Le llevó menos de diez años. Hacia el otoño de 1957, el obispo Sheen, un ícono católico de los medios de comunicación por más de treinta años, se »retiró« del aire y puso fin a su programa »Vivir vale la pena”« (Life is Worth Living, en inglés), que estaba en la cumbre de su popularidad. Muchos supusieron que fue el cardenal Spellman quien lo echó de los medios de comunicación (al momento en que el programa fue suspendido contaba con un estimado de treinta millones de televidentes y oyentes cada semana). Súbitamente, este ilustre predicador dejó de ser bienvenido en las iglesias de Nueva York. Spellman canceló también sus sermones anuales de viernes Santo en la Catedral de San Patricio y disuadió a miembros del clero de mantener relación con él. En 1996, Spellman logró que Sheen fuera reasignado a Rochester, Nueva York, lo que puso fin a su dirección de la Sociedad para la Propagación de la Fe.

Por trascendentales que estos hechos puedan ser (y lo son), ningún detalle que concierne a las acciones del cardenal Spellman o a los sentimientos de Sheen sobre ellas es mencionado en esta autobiografía. Estas omisiones nos quieren decir algo muy interesante.

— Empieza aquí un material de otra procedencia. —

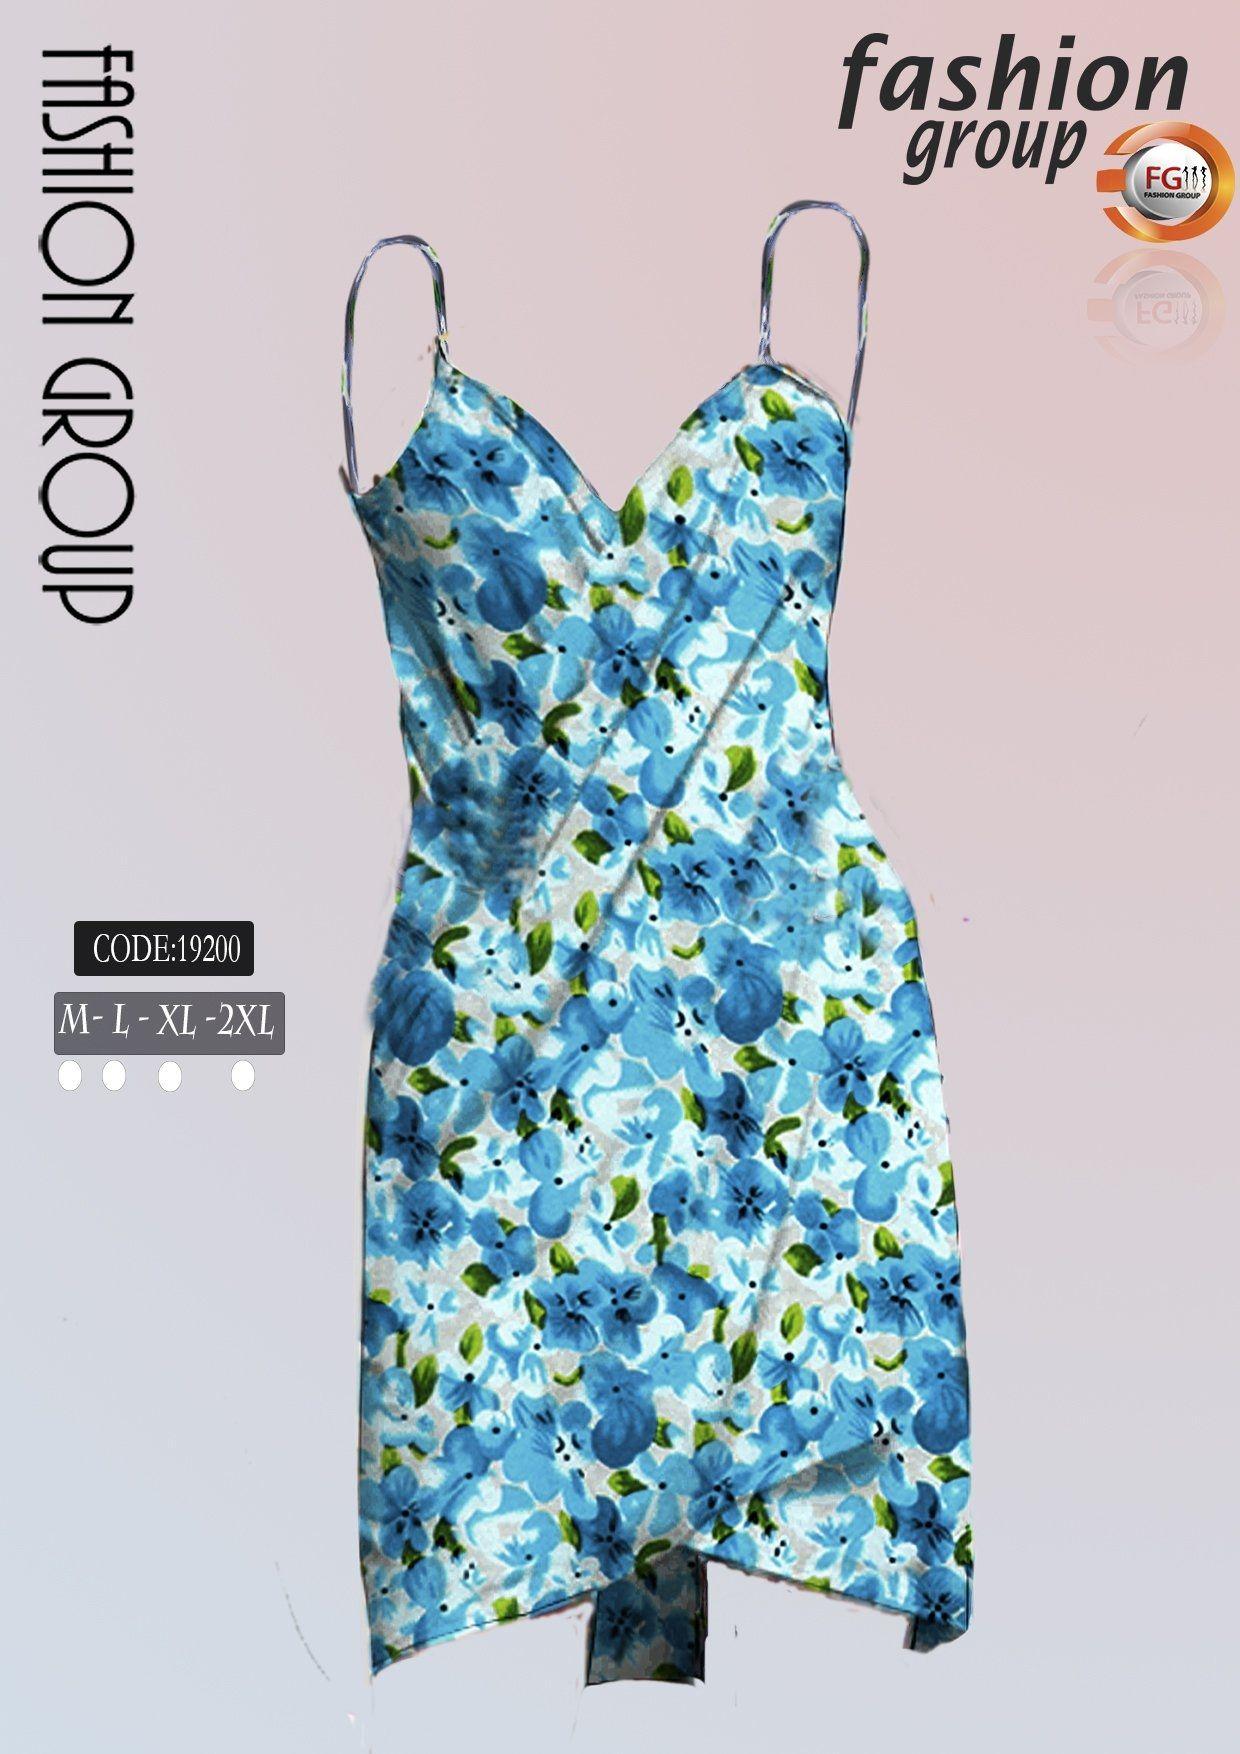 FashionGroup Greek Goddess Spaghetti Strap Sarong Beachwear - Aqua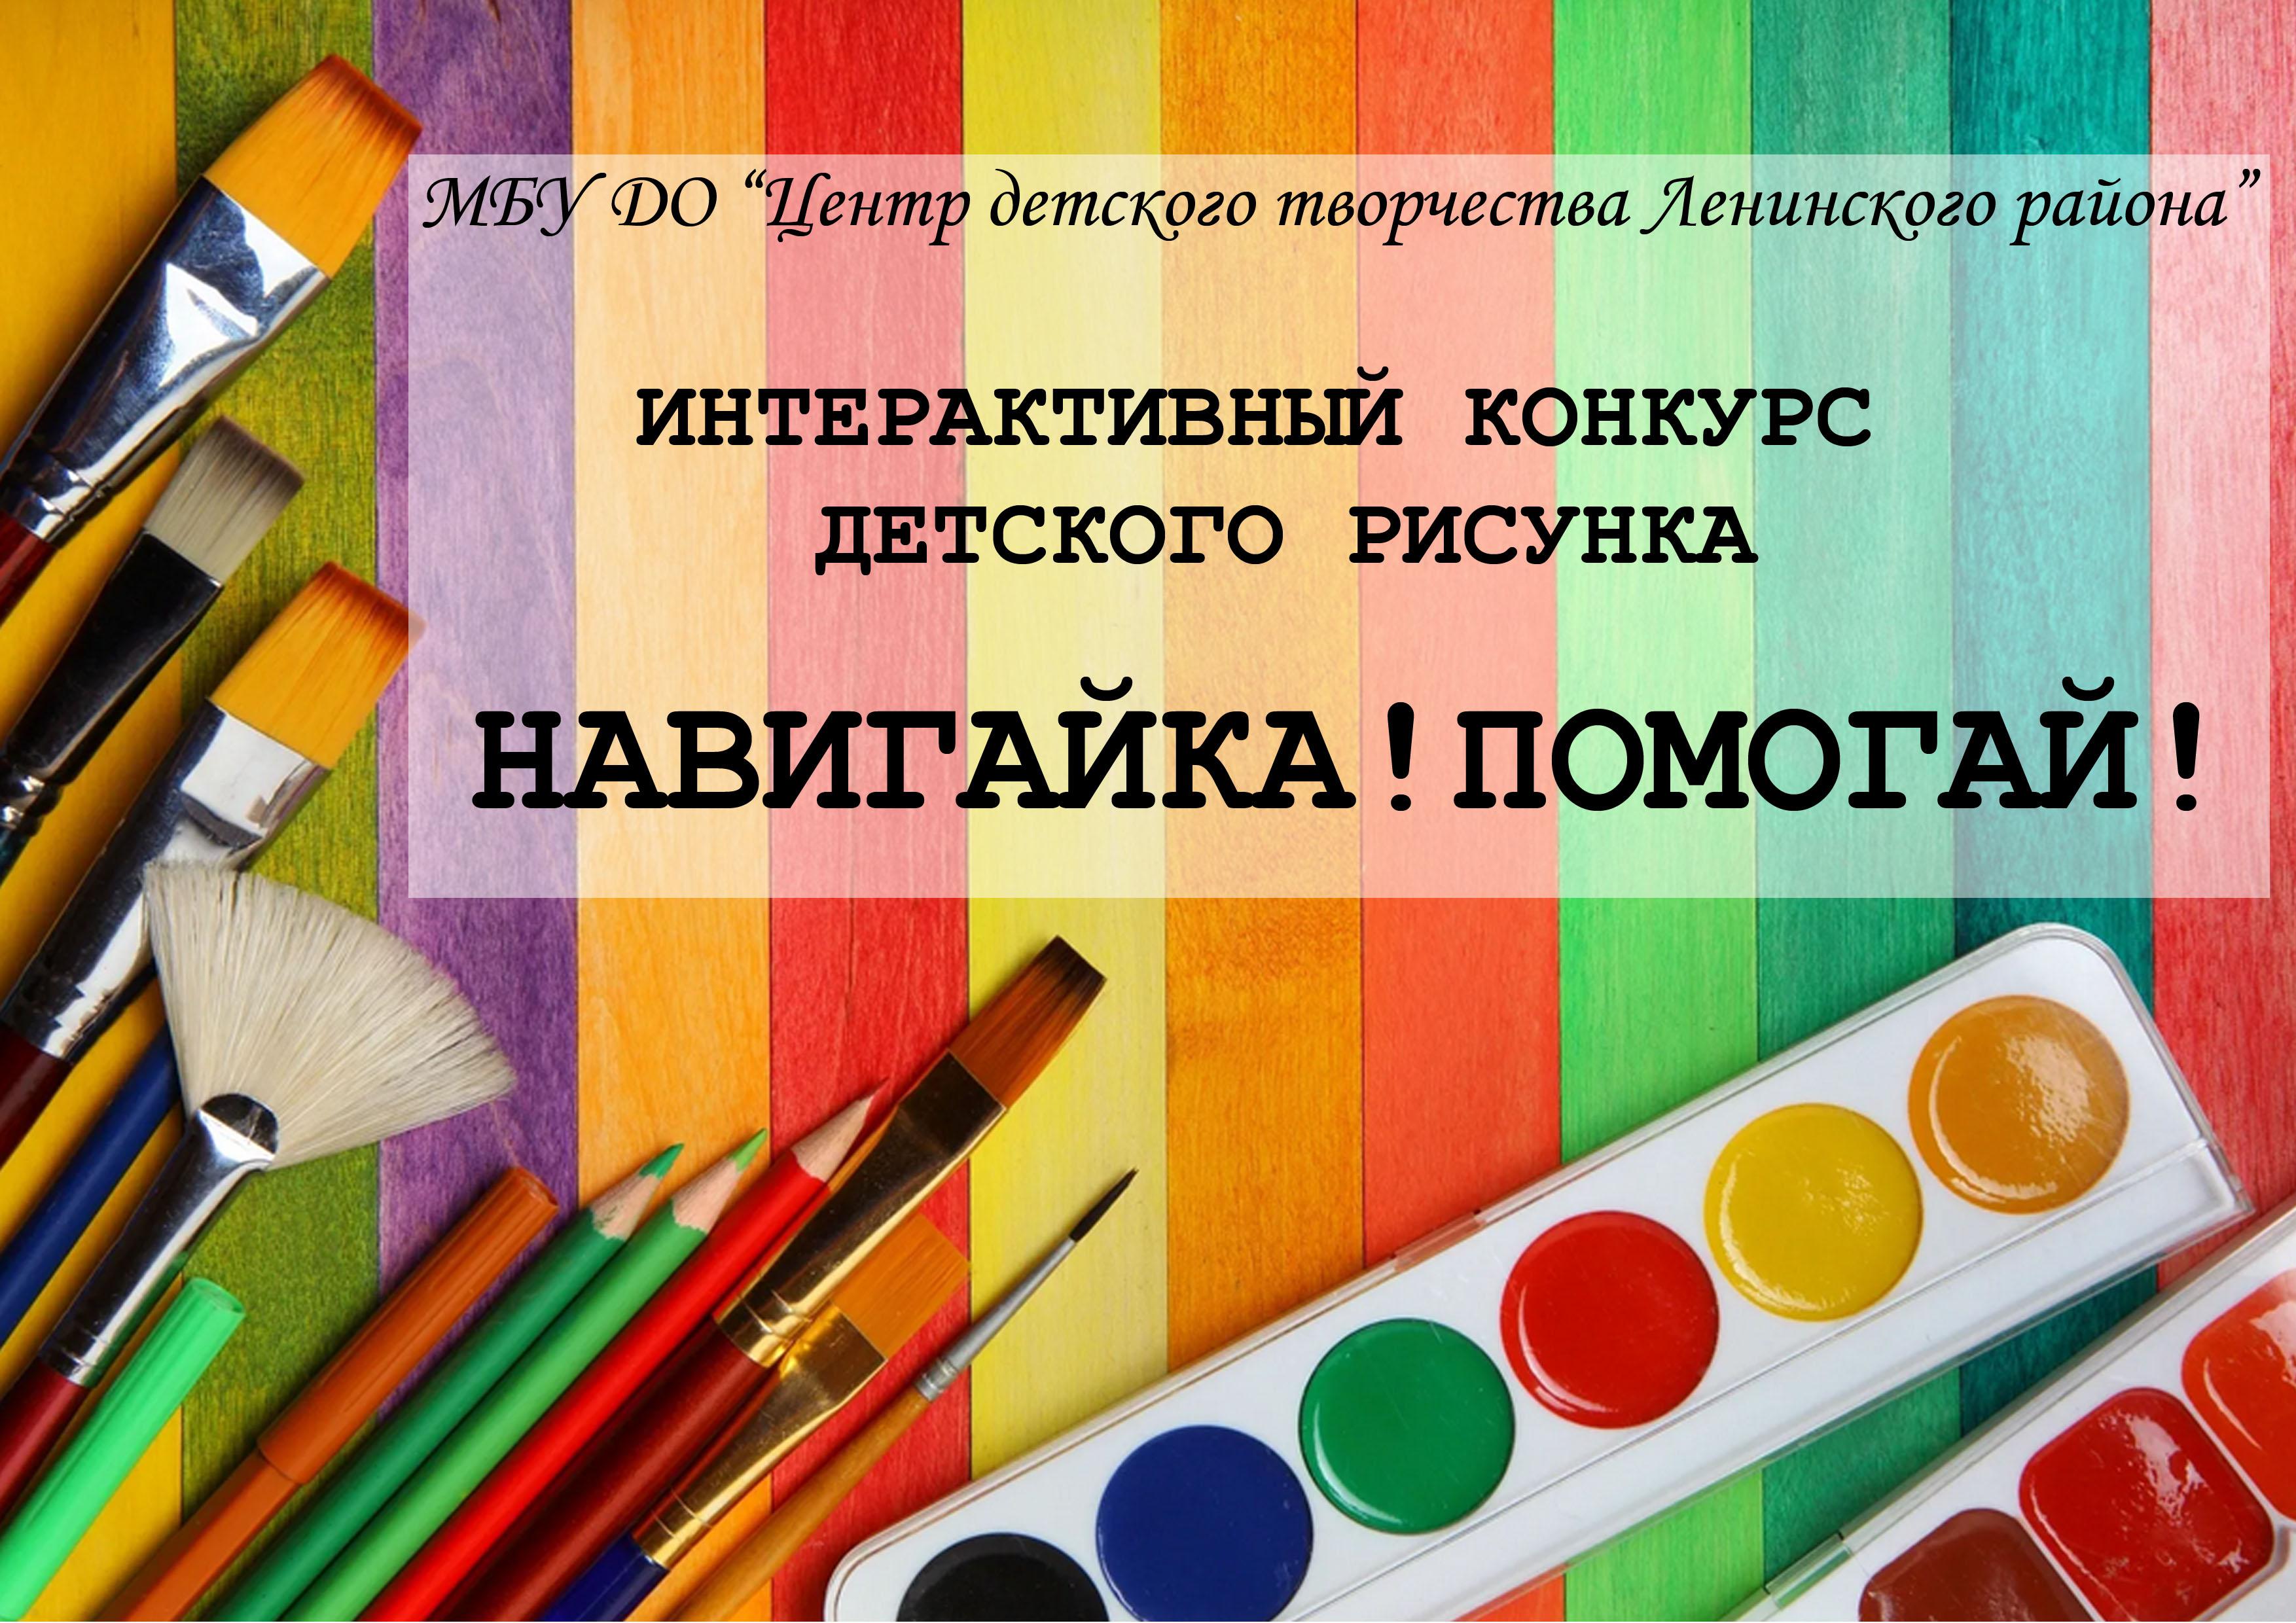 http://cdt-leninskii.ucoz.net/navigajka.jpg

En alguna parte, Sheen escribe: «Algunos curiosos desearían que abra heridas ya curadas; los medios en particular se deleitarían con un capítulo en el que emitiera una sentencia sobre otros […] “Vivimos en tiempos de asesinos”, donde se busca más el mal en lugar del bien para justificar un mundo con problemas de conciencia». En las páginas que siguen no hay ajustes de cuentas, no hay denuncias. ¡Ah! Pero sí aparecen fugaces referencias a pruebas padecidas «dentro y fuera de la Iglesia» (p. 378) u otras como «Tengo la certeza de que ha sido Dios quien ha hecho que algunas personas me lanzaran piedras» (p. 351). Pero si quieren encontrar una venganza explícita, busquen en otro lado (¡Spellman es incluso elogiado!). En lugar de eso, lo que sigue es una autobiografía muy particular; una que constituye más bien el retrato interno de un hombre -no el externo-, y qué clase de hombre fue el obispo Fulton Sheen.